= Peter Dannenberg =

Peter Dannenberg (21 May 1930 – 9 March 2015) was a German musicologist, music writer and opera director.

== Life ==
Danneneberg was born in Potsdam. After studying in Kiel and Freiburg in Br., Dannenberg was a feature editor in Kiel. From 1969 he then became editor-in-chief and music critic in charge of Die Welt; from 1974 he held the same position at the Stuttgarter Zeitung. He was a permanent contributor to most German radio stations, the magazine Opernwelt and other periodicals. From 1977 to 1986 he worked under the artistic direction of Christoph von Dohnányi as chief dramaturg of the Hamburg State Opera and at the same time director of the experimental stage of Opera Stabile with numerous world premieres in opera and concert, and also by Wolfgang Rihm, Heinz Holliger, Manfred Trojahn, Wilhelm Killmayer, Aribert Reimann, Günter Bialas, Isang Yun, Rolf Liebermann and Udo Zimmermann. From 1987 to 1990 he was deputy artistic director of the Oper Frankfurt, from 1990 to 1995 general director of the Stages of the State Capital Kiel and from 1995 to 2004 finally artistic director of the Hamburger Symphoniker.

From 1989 Dannenberg was chairman for life of the Alexander Zemlinsky Fund at the Gesellschaft der Musikfreunde in Vienna. From 1990 to 1997 he was deputy chairman of the Landeskulturverband Schleswig-Holstein.

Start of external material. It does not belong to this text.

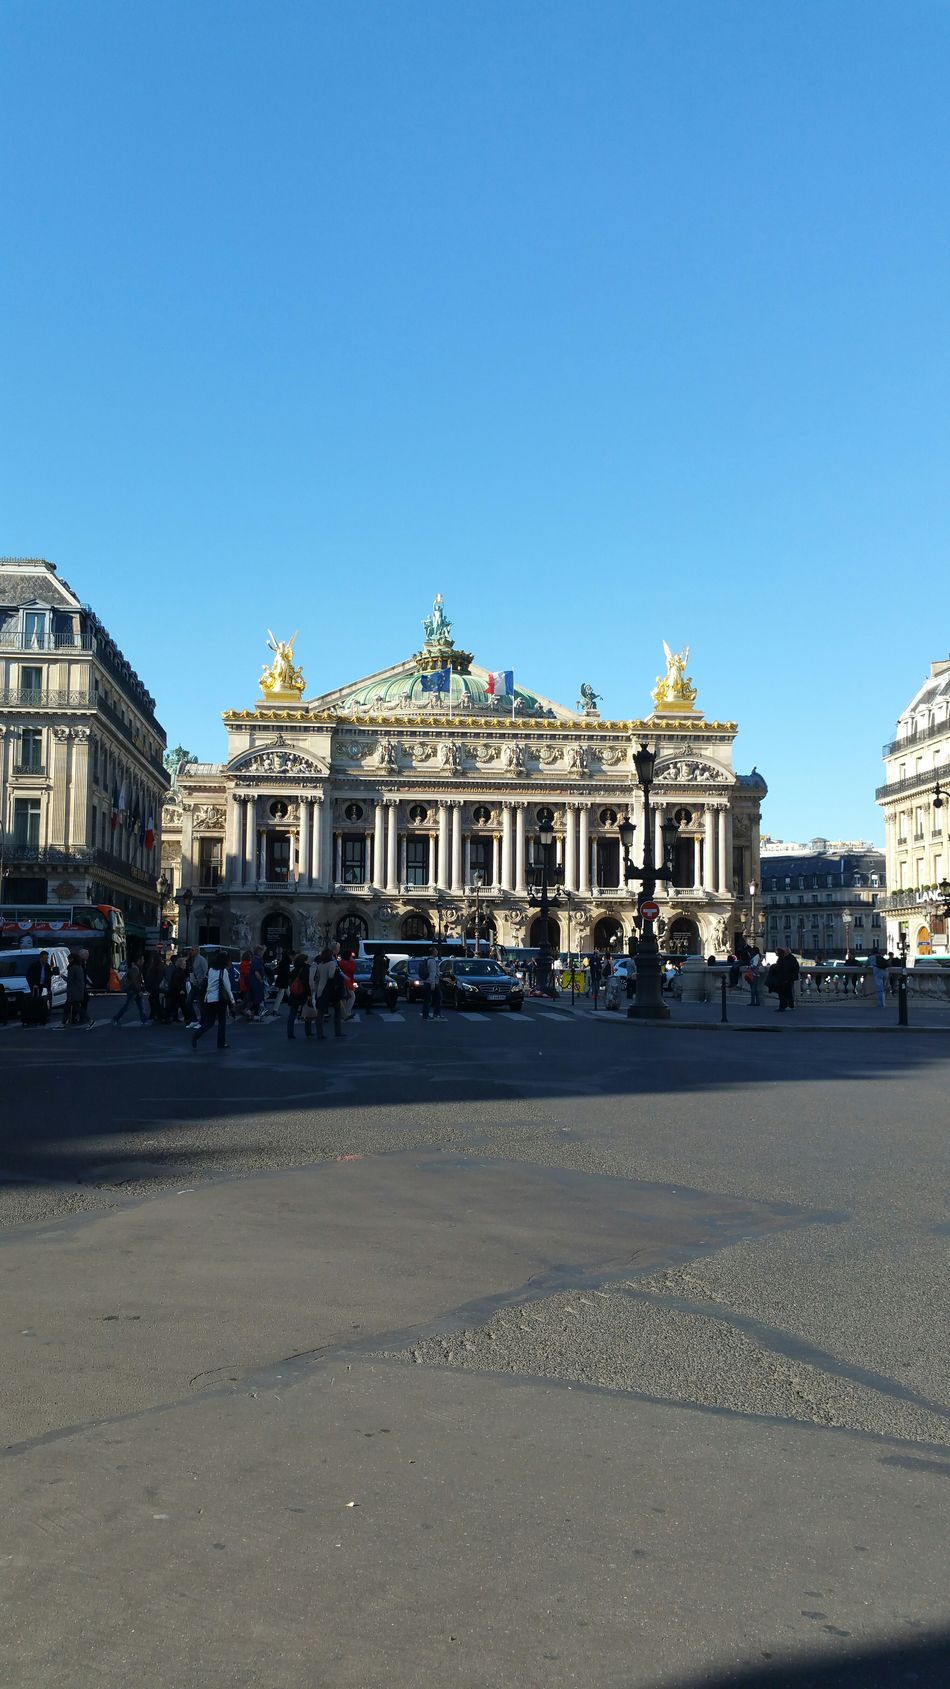 Paris, Opéra Garnier Paris, France  Paris Opera Garnier Place De L'opéra Travel World Traveler Parisian Opera National De Paris Palais Garnier

Dannenberg died after a long illness in the night of 10 March 2015 at the age of 84 years in Kronshagen, Schleswig-Holstein.

== Awards ==
- 2000 Biermann-Ratjen-Medaille of the Free and Hanseatic City of Hamburg for services to art and culture in Hamburg
- 2003 Austrian Decoration for Science and Art I. classe

== Publications ==
- Das kleine Schumann-Buch. Salzburg, 1979, and Hamburg, 1983.
- Gaukler und Primadonnen. Vom Ballhaus zum Stadttheater im alten Kiel. Hamburg, o. J.
- Helden und Chargen. Zwischen den Kriegen – Dreißig Jahre Theater in Kiel. Hamburg, o. J.
- Edited together with Max W. Busch: Die Hamburgische Staatsoper. 2 volumes. Volume I: 1678 bis 1945 Bürgeroper-Stadt-Theater-Staatsoper. Volume II: 1945 bis 1988. Nachkrieg und Gegenwart. Zürich, 1988/89.
- Immer wenn es Abend wird. Dreihundert Jahre Theater in Kiel. Hamburg, 1983.
- Extensive contribution to Halte fest, was Dir von allem übrigblieb. 100 Jahre Theater am Kleinen Kiel. Edited by Ole Hruschka. Kiel, 2007.
- Contribution to Das Schöne, das Schreckliche am Theater ist seine Vergänglichkeit in OFFEN SEIN ZU – HÖREN. Der Dirigent Christoph von Dohnányi. Published by Klaus Schultz. Hamburg, 2010.